Switching problem (Gaussian elimination method)

Total time limit: 1000ms
Memory limit: 65536kB

Description
of N identical switches, each switch have a certain contact, whenever you open or close a switch when the other switch associated with this switch will change accordingly, these phases i.e. If the state of the associated switch was originally on, it would change to off, and if it was off, it would change to on. Your goal is to make the last N switches reach a specific state after several switch operations. For any switch, only one switch operation can be performed at most. Your task is to calculate how many ways to reach a specified state. (Does not count the sequence of switch operations)

Input
There is a number K in the first line of input, indicating that there are K groups of test data below.
The format of each group of test data is as follows: the
first line has a number N (0 <N <29) and the
second line has N 0 or 1 numbers, indicating the N switch states at the beginning.
The number of N 0 or 1 in the third row indicates the state of the N switches after the operation is completed.
The next two numbers IJ in each line indicate that if the I switch is operated, the state of the J switch will also change.
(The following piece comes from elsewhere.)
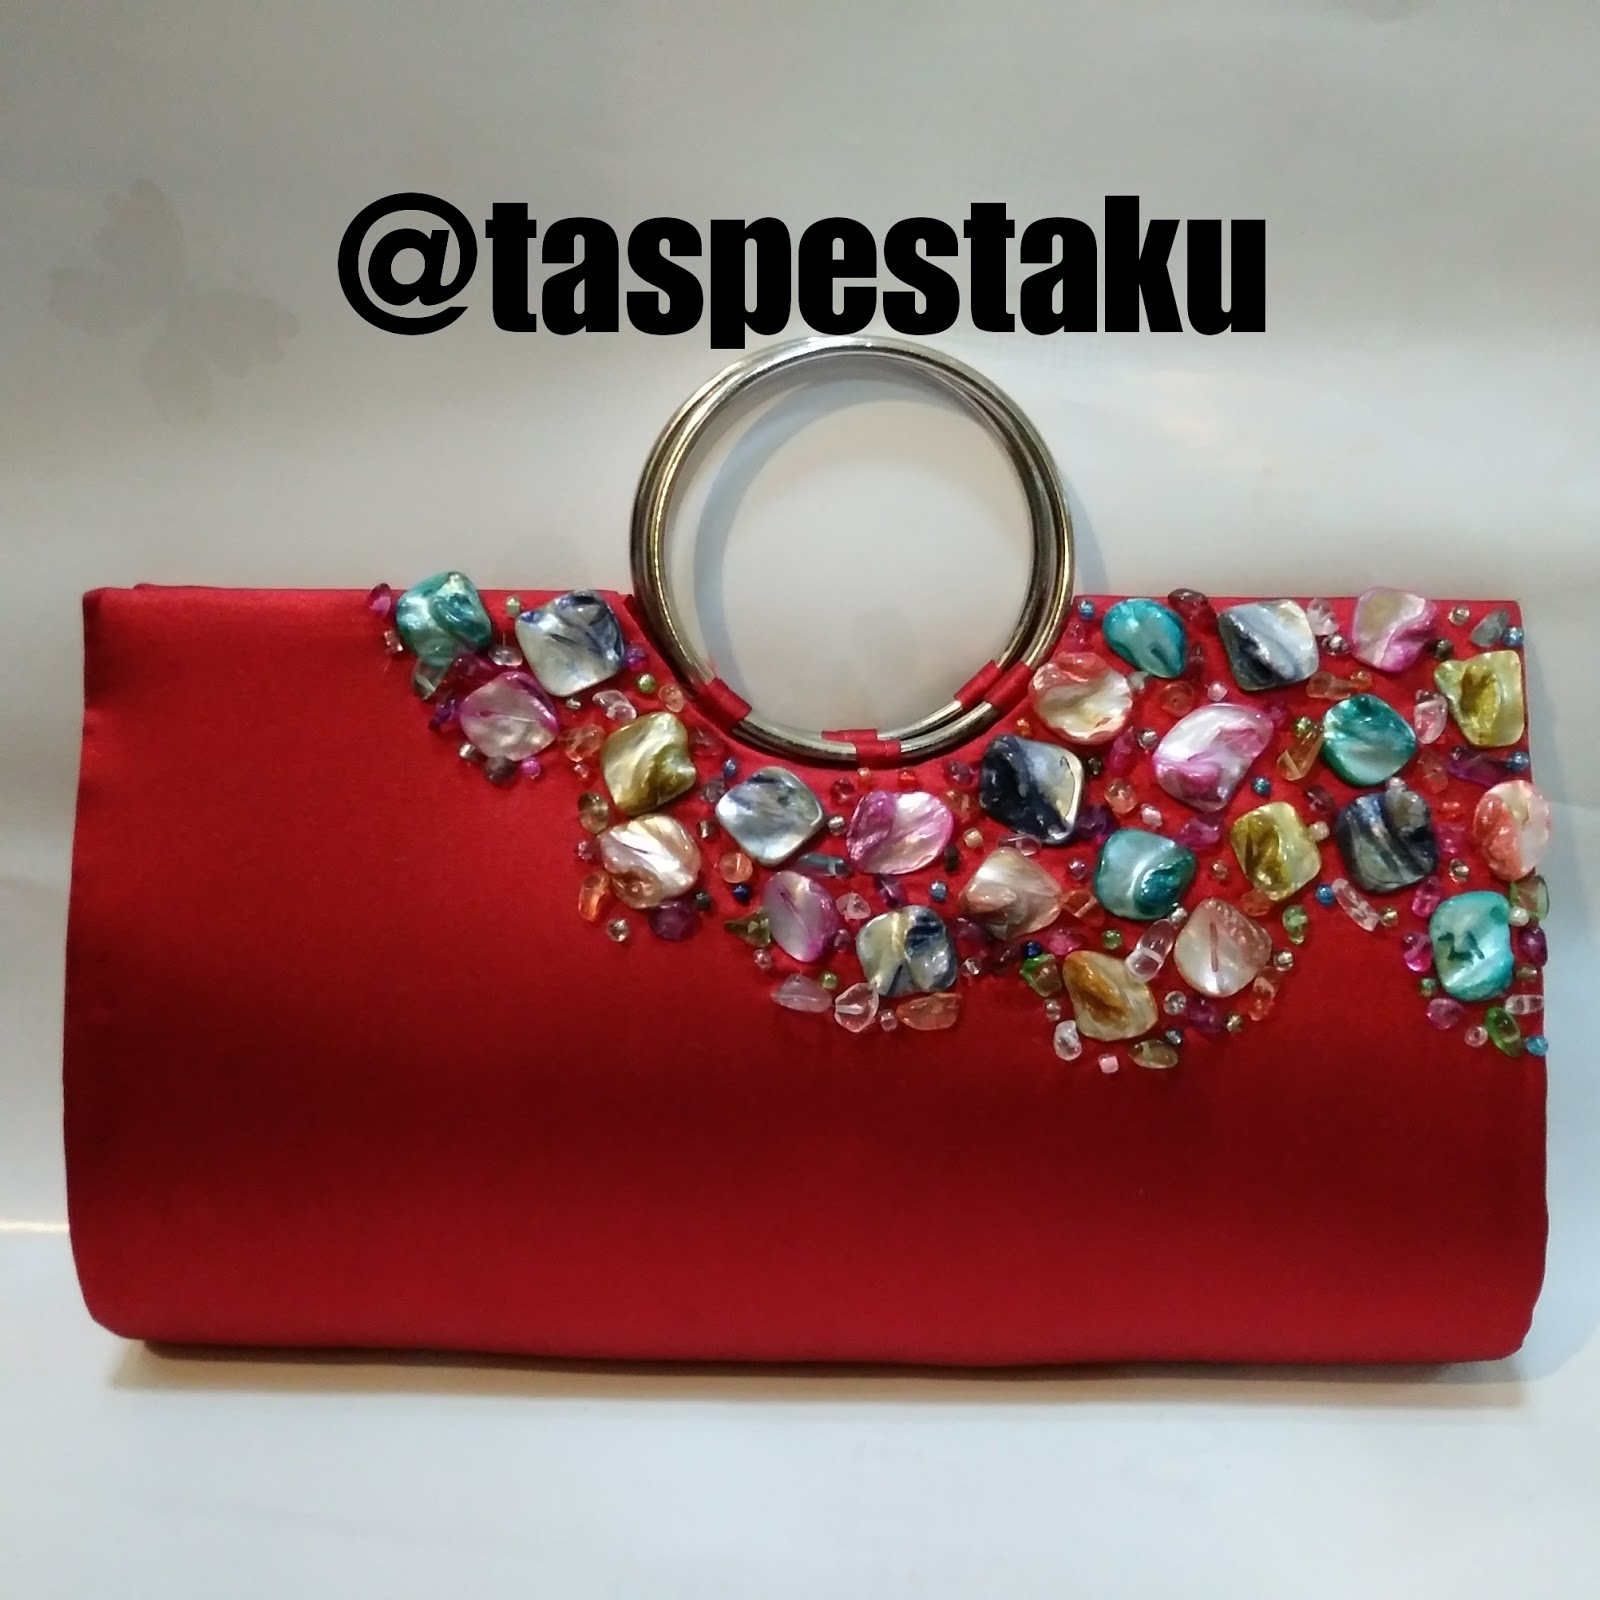 Handmade Tas Pesta Clutch Bag Merah Cabe Cantik Mewah Elegant (Ready Stock) 6b9bd6eb1f

Each group of data ends with 0 0.

Output
If there is a feasible method, output the total number, otherwise output "Oh,it's impossible~!!" Without quotes

Sample input
2
3
0 0 0
1 1 1
1 2
1 3
2 1
2 3
3 1
3 2
0 0
3
0 0 0
1 0 1
1 2
2 1
0 0

The sample output is
4
Oh, it's impossible~!!

Tips
Description of the first group of data:
There are four methods in total:
Operation switch 1
Operation switch 2
Operation switch 3
Operation switch 1, 2, 3 (do not record the order)

#include <iostream>
#include <cstring>
#include <algorithm>
using namespace std;

const int MAXN = 35;
bool a[MAXN][MAXN];

inline int read() {
    
    
    int x; scanf("%d", &x); return x;
}

int gauss(int n)
{
    
    
    int rank = 0;
    for (int d = 0; d < n; ++d) {
    
     /* d for diagonal */
        int i;
        /* try to find first line whose d'th element = 1 */
        for (i = d; i < n; ++i)
            if (a[i][d] == 1)
                break;

        /* not found */
        if (i == n)
            continue;
        
        /* found */

        /* Step 1: make the d'th element of rank'th line to be 1, by swapping i'th line and rank'th line, including the rightmost column */
        for (int j = 0; j <= n; ++j) 
            swap(a[rank][j], a[i][j]);
        /* Step 2: eliminating the following line if the d'th element = 1, including the rightmost column */
        for (i = rank+1; i < n; ++i) 
            if (a[i][d])
                for (int j = 0; j <= n; ++j) 
                    a[i][j] ^= a[rank][j];

        ++rank;
    }

    /* up to now, the rank+'th line should be all 0 */
    /* if the rightmost column is 1, bad equation, return -1 */
    for (int i = rank; i < n; ++i)
        if (a[i][n])
            return -1;

    /* otherwise, return the rank */
    return rank;
}

int main()
{
    
    
    int K = read();
    for (int k = 0; k < K; ++k) {
    
    
        memset(a, 0, sizeof(a));
        int N = read();
        for (int i = 0; i < N; ++i) 
            a[i][N] ^= read();
        for (int i = 0; i < N; ++i) 
            a[i][N] ^= read();
        for (int x = 0; x < N; ++x)
            a[x][x] = 1;
        for (;;) {
    
    
            int x = read()-1, y = read()-1;
            if (x == -1)
                break;
            a[y][x] = 1;
        }
        int rank = gauss(N);
        if (rank == -1)
            printf("Oh,it's impossible~!!\n");
        else 
            printf("%d\n", 1<<(N-rank));
    }
    system("pause");
    return 0;
}

analysis

1. Regarding the Gaussian elimination method, the code comments have been very detailed. The gauss function is actually a general solving function. If there is no solution, it returns -1, and if there is a solution, it returns the rank of the matrix.
2. Array a, rows represent switches, and columns represent solutions (each switch "leads" a solution, so the number of rows and columns is equal)
3. Why it can be eliminated can be understood as defining an equivalence problem, and the solution of the equivalence problem corresponds to the solution of the original problem one to one. Gaussian elimination does this, and the exclusive OR operation is reversible, so it's no problem.
4. Not only row elimination is equivalent, but column elimination is also equivalent. In the code, we calculated the rank by row elimination, and then we can make up for it and perform column elimination, and finally only 1 on the diagonal is left.
5. Rows with 1 must be taken, rows without 1s can be taken or not, so the final number of plans is $2^{n-rank}$

This question allows us to review the exquisite Gaussian elimination method from the algebraic perspective.